▸ WHAT NEEDS TO BE DONE: Retype, exactly and with both ends included, the lines below from the one containing "Птица рисунок пошагово." through the end; omit the pictures.

▸ PROVIDED MATERIAL:

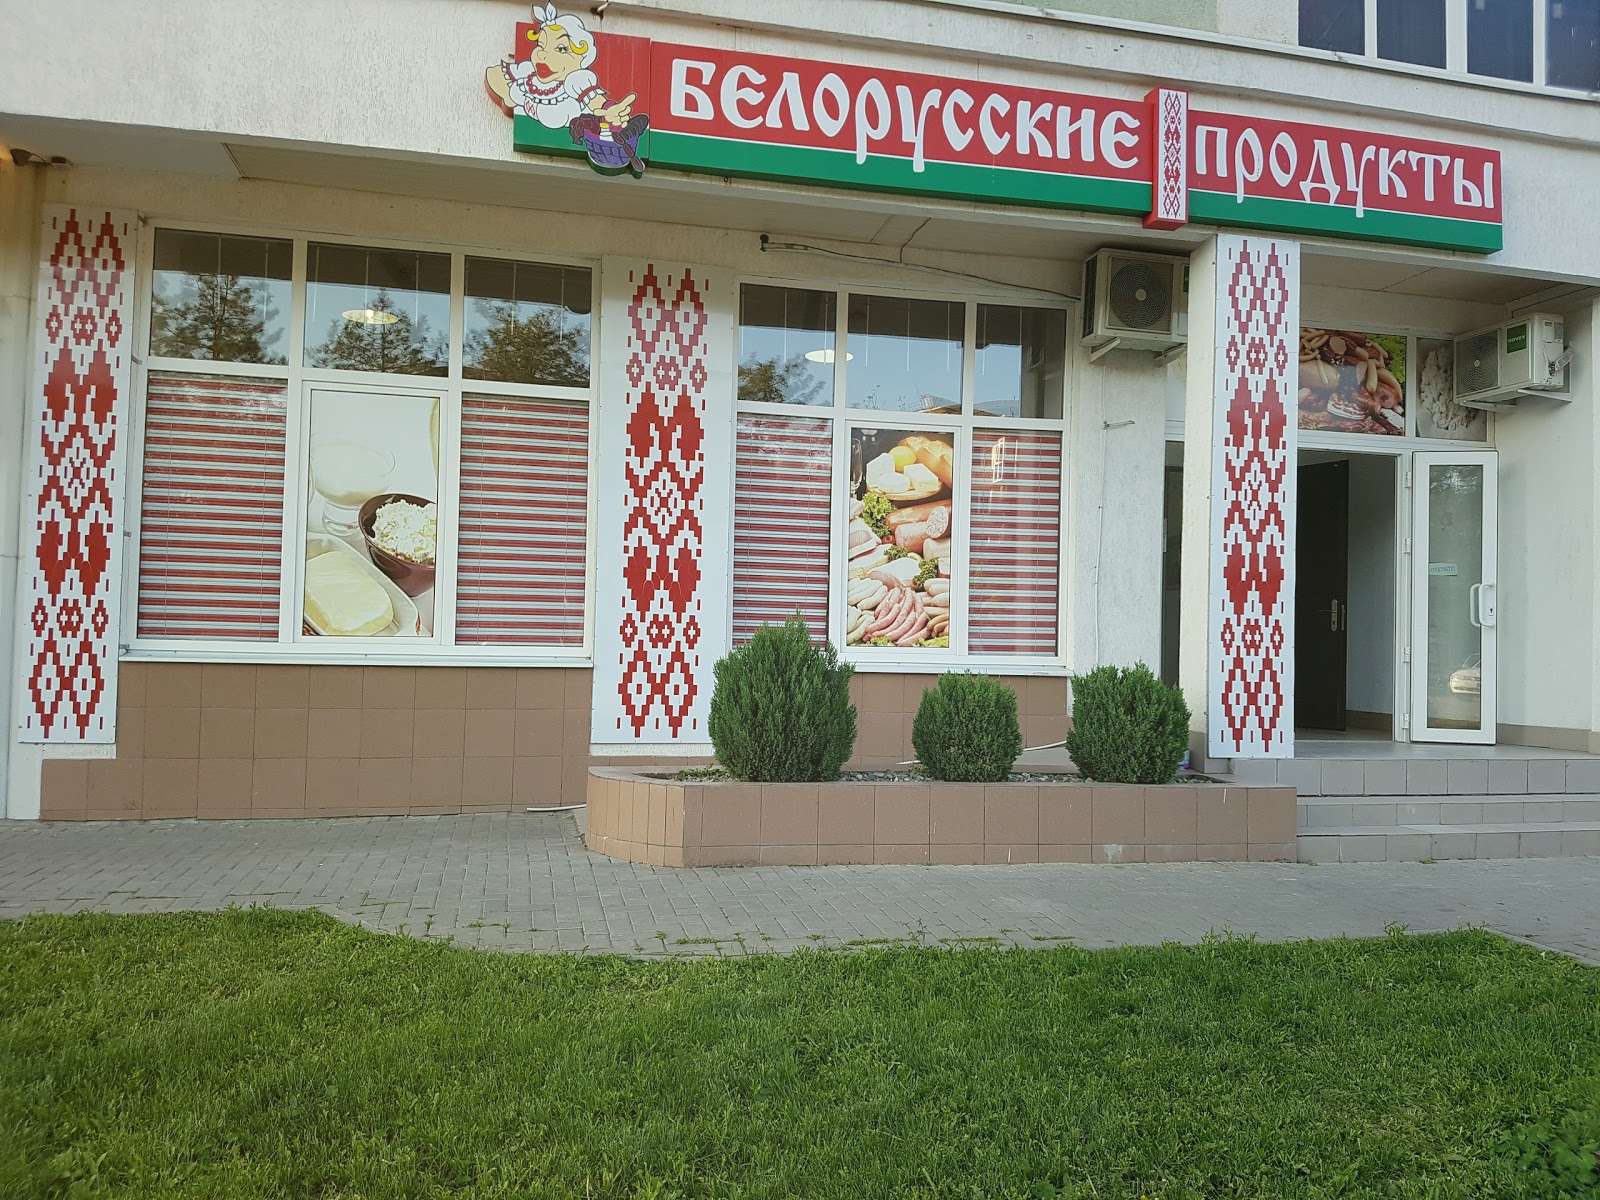 Белорусская продукция
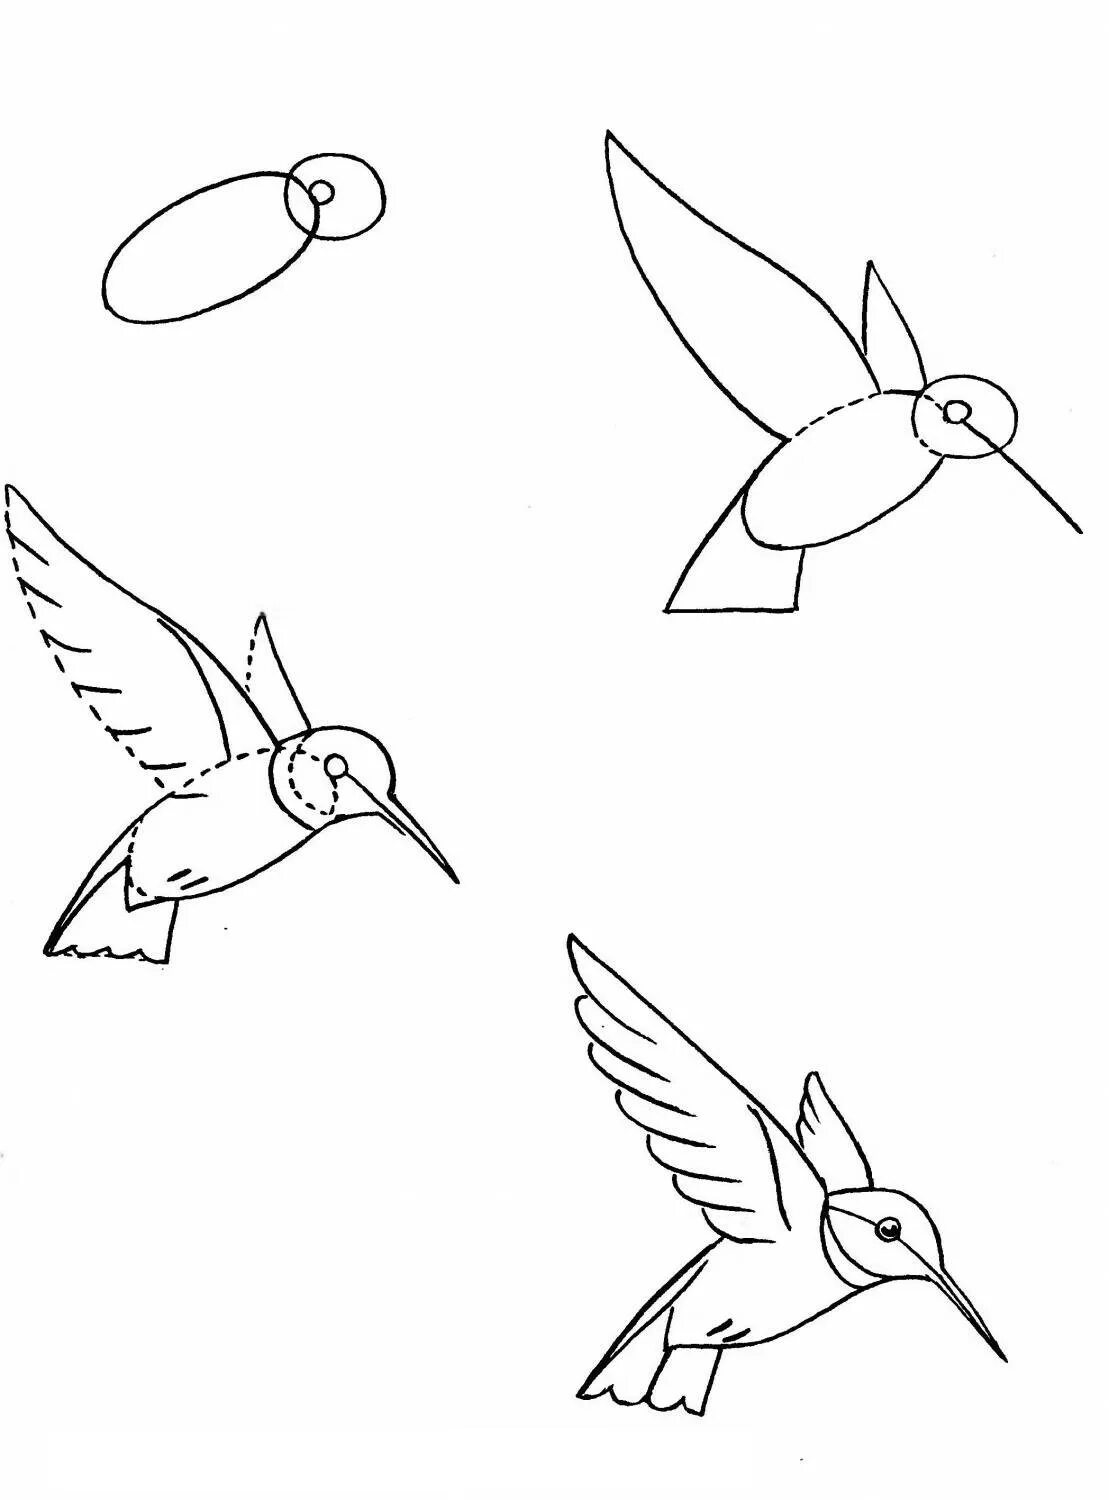 Птица рисунок пошагово. Рисунок птицы карандашом поэтапно. Рисунки птиц карандашом для начинающих. Птица рисунок карандашом для детей. Рисунок птиц карандашом легкие
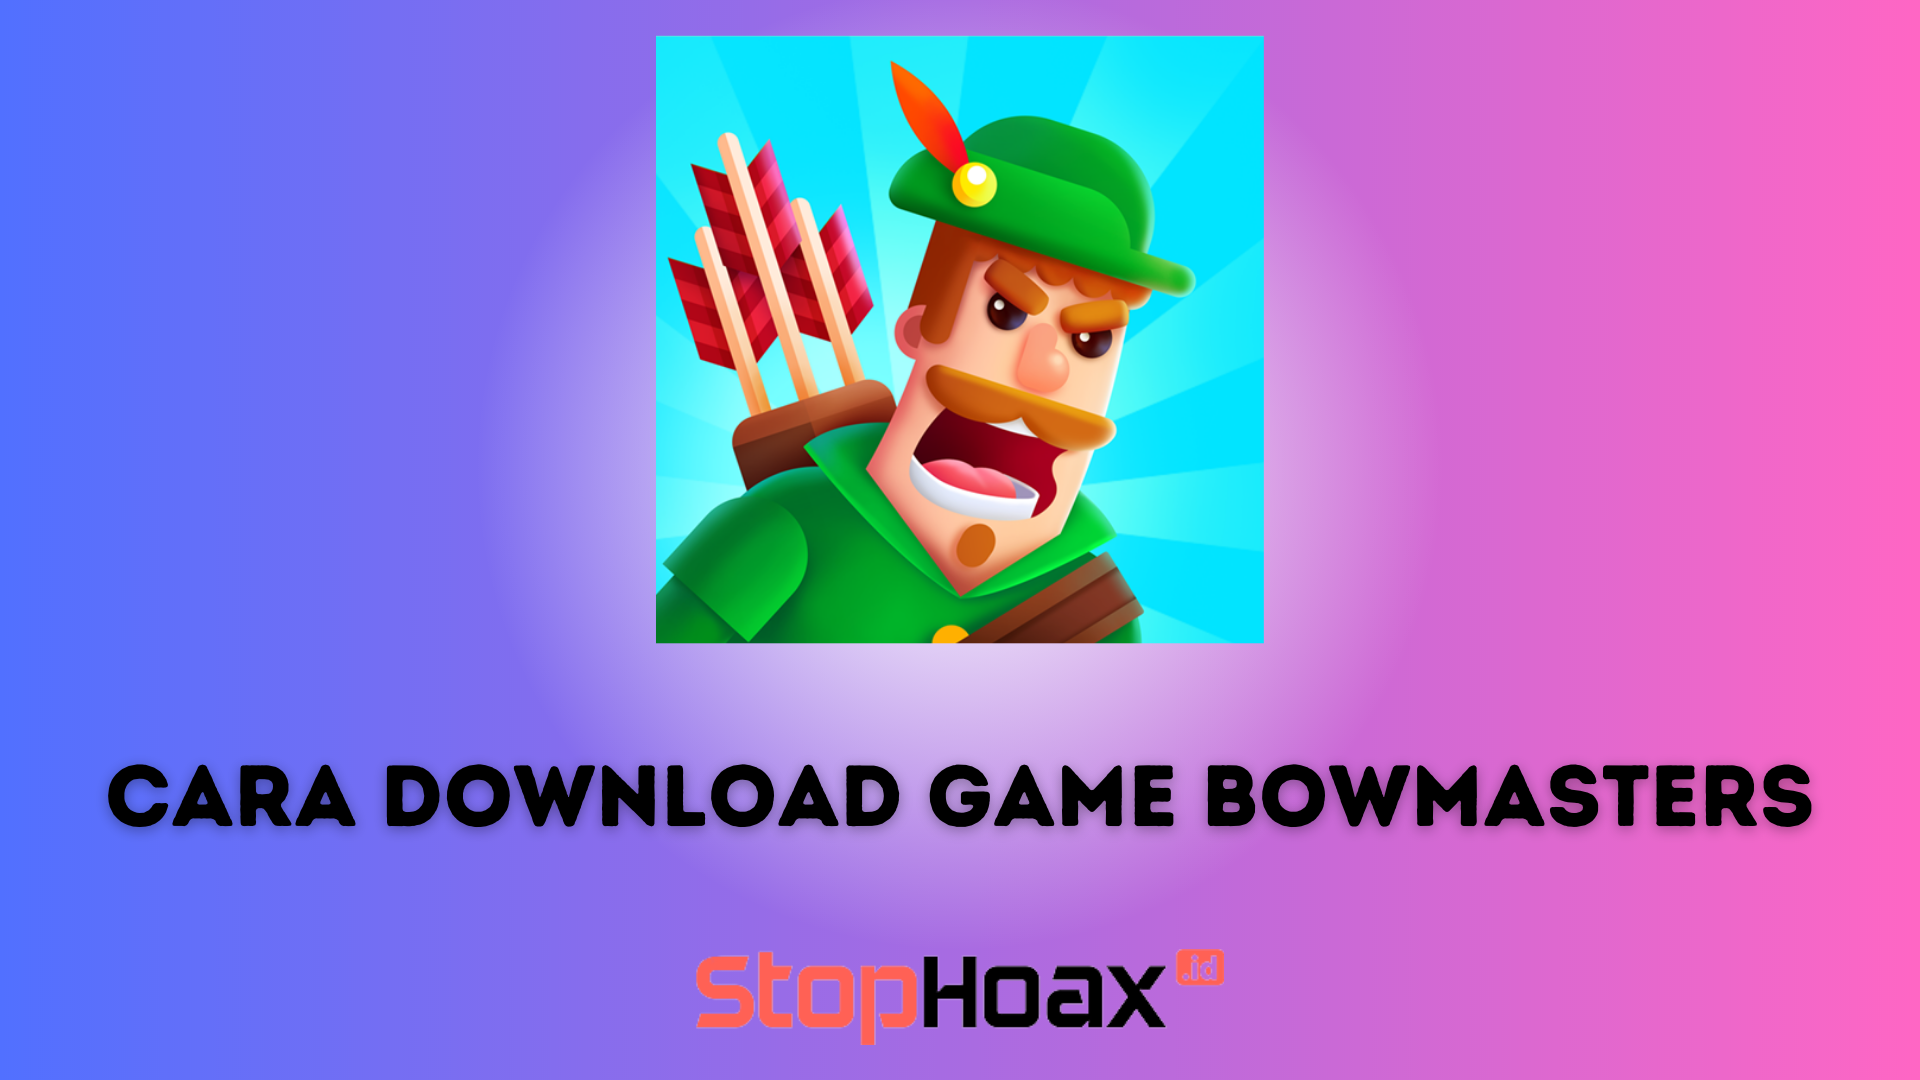 Mudah dan Cepat Cara Download Game Bowmasters versi Terbaru di Android

▸ ANSWER BOX:
 Птица рисунок пошагово. Рисунок птицы карандашом поэтапно. Рисунки птиц карандашом для начинающих. Птица рисунок карандашом для детей. Рисунок птиц карандашом легкие
 Mudah dan Cepat Cara Download Game Bowmasters versi Terbaru di Android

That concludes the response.